The first day after he flew into the Taylor Wilderness Research Station last April, Whiting saw a cougar. One of the last days there he saw two wolves. The station is located in the middle of the largest wilderness area in the lower 48 states on Big Creek, about eight miles from the Middle Fork Salmon River.
“Those were the highlights as far as wildlife goes, but I was there with some amazing people, too,” said Whiting, who is originally from Connecticut, but earned his undergraduate degree from Whitman College in Walla Walla, Washington. “The people who take care of the Taylor Ranch (a facility owned and administered by the University of Idaho) and live there all year long, the Gag family, were an amazing group of people, and it was just fun being out there with them and the other researchers.”
Whiting walked hundreds of miles off trail and would spend nights away from the research station while completing his research, which was mapping how streams expand and contract, and setting up stations to measure tree-sap flow rates to understand plant transpiration rates in three different climate zones. He set up sophisticated data-collections stations in rain, snow and transitions zones to monitor the different transpiration rates by Douglas Fir trees in those zones, measuring the amount of moisture the trees release in the air.
He was studying if plant water use in rain-dominated low elevations is different of that in snow-dominated elevations, which has important implications for water storage and water quality, particularly if the climate changes.
He encountered some unique challenges while attempting to complete his research. He discovered that black bears were attracted to the shiny insulation that he wrapped around sap-flow sensors that he had inserted into the trees.
“In the Frank Church we discovered we had to wrap a black fabric around the shiny stuff, because if we didn’t have the black fabric the bears ripped them up,” Whiting said. “After we covered them up we didn’t have that problem, but it was so sad to lose a sap-flow sensor. Each one takes hours to make. You lose one and it is a sad moment.”
He constructed the sensors himself, with the help of ISU lab assistants including undergraduates Dylan Refaey and Kimberly Archibald, using hypodermic needles and soldering them together with miniscule wires. The data stations he set up included solar panels hung in the tops of trees and batteries used to power a variety of sensors setup that where all connected by data cables to data logger, which researchers can plug their laptops into to download the data collected.

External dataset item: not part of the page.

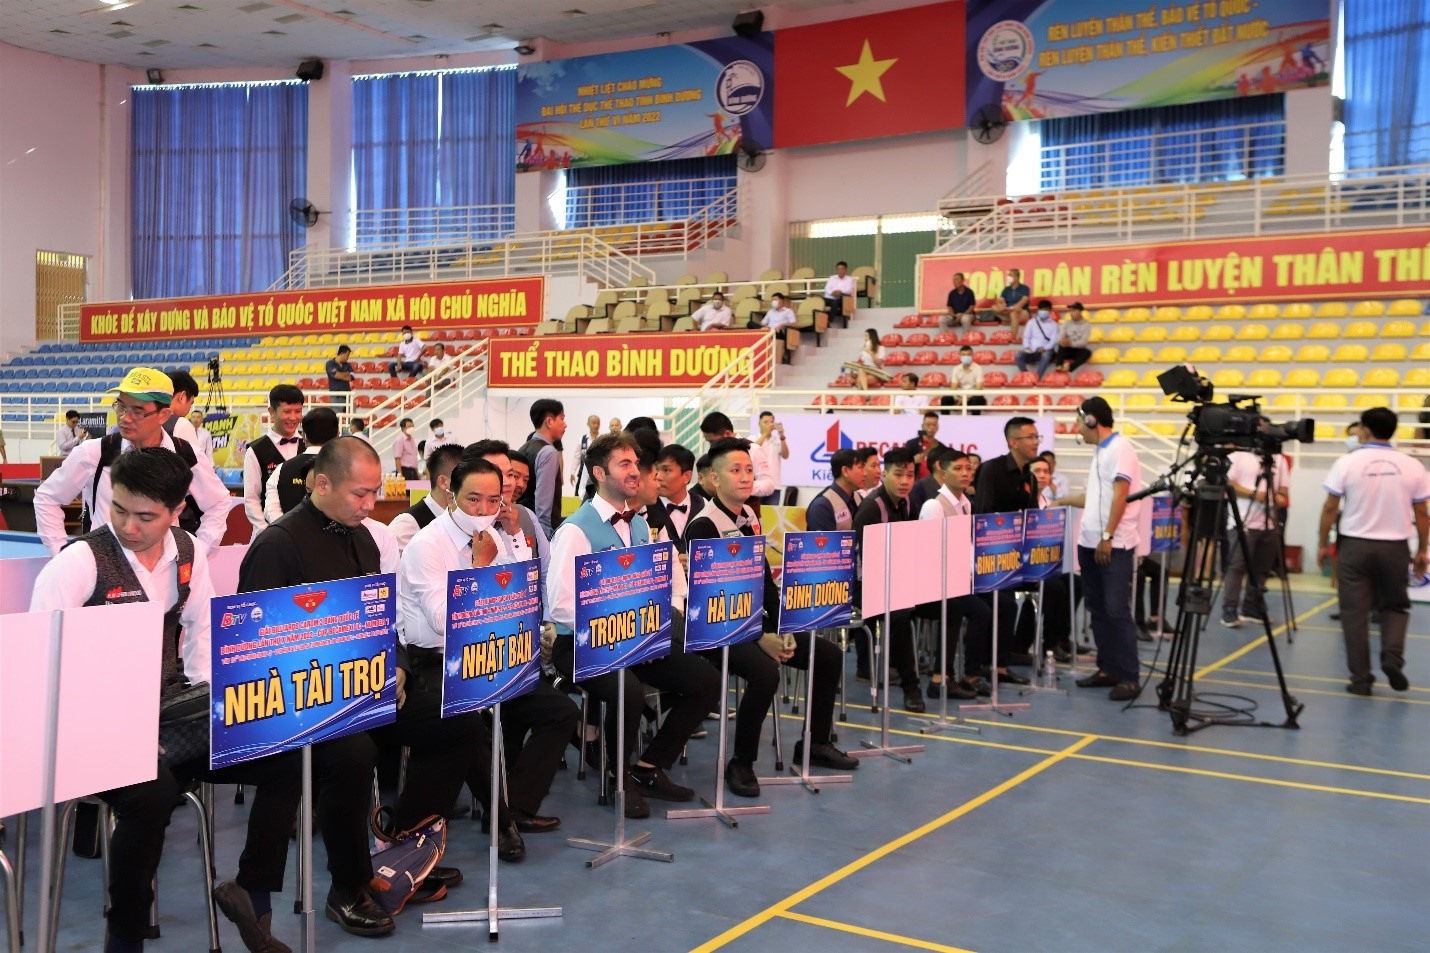 soccer skills world cup crazy games Trang web cờ bạc trực tuyến lớn nhất  Việt Nam, w9bet.com, đánh nhau với gà trống, bắn cá và baccarat, và giành  được hàng chục triệu

It wasn’t all work, however. For example, Whiting went on a backpack trip with a group of undergraduate interns from the University of Idaho who were at the Taylor Wilderness Research Station. This group hiked from Taylor Ranch up into the Bighorn Crags.
“We hiked to the Middle Fork, across the Middle Fork and them up a creek to Crags,” Whiting said. “From a geologist’s standpoint, it was interesting going from the river up to the granite peaks, but it was all beautiful. I caught my first fish fly-fishing in an alpine lake in the Bighorn Crags. That was pretty sweet. That place will blow you away.”
Whiting, who is looking for jobs in hydrology after graduation, thanked the DeVlieg Foundation, which provided the funding for him to complete his research. This foundation sponsors graduate stipends, inquiry-based undergraduate learning programs, and professional workshops to attract researchers to the Taylor Wilderness Research Station.
“I got to spend a summer in the Frank Church,” Whiting said. “I can’t complain. It was amazing. I’d definitely say it was a once-in-a-lifetime experience.”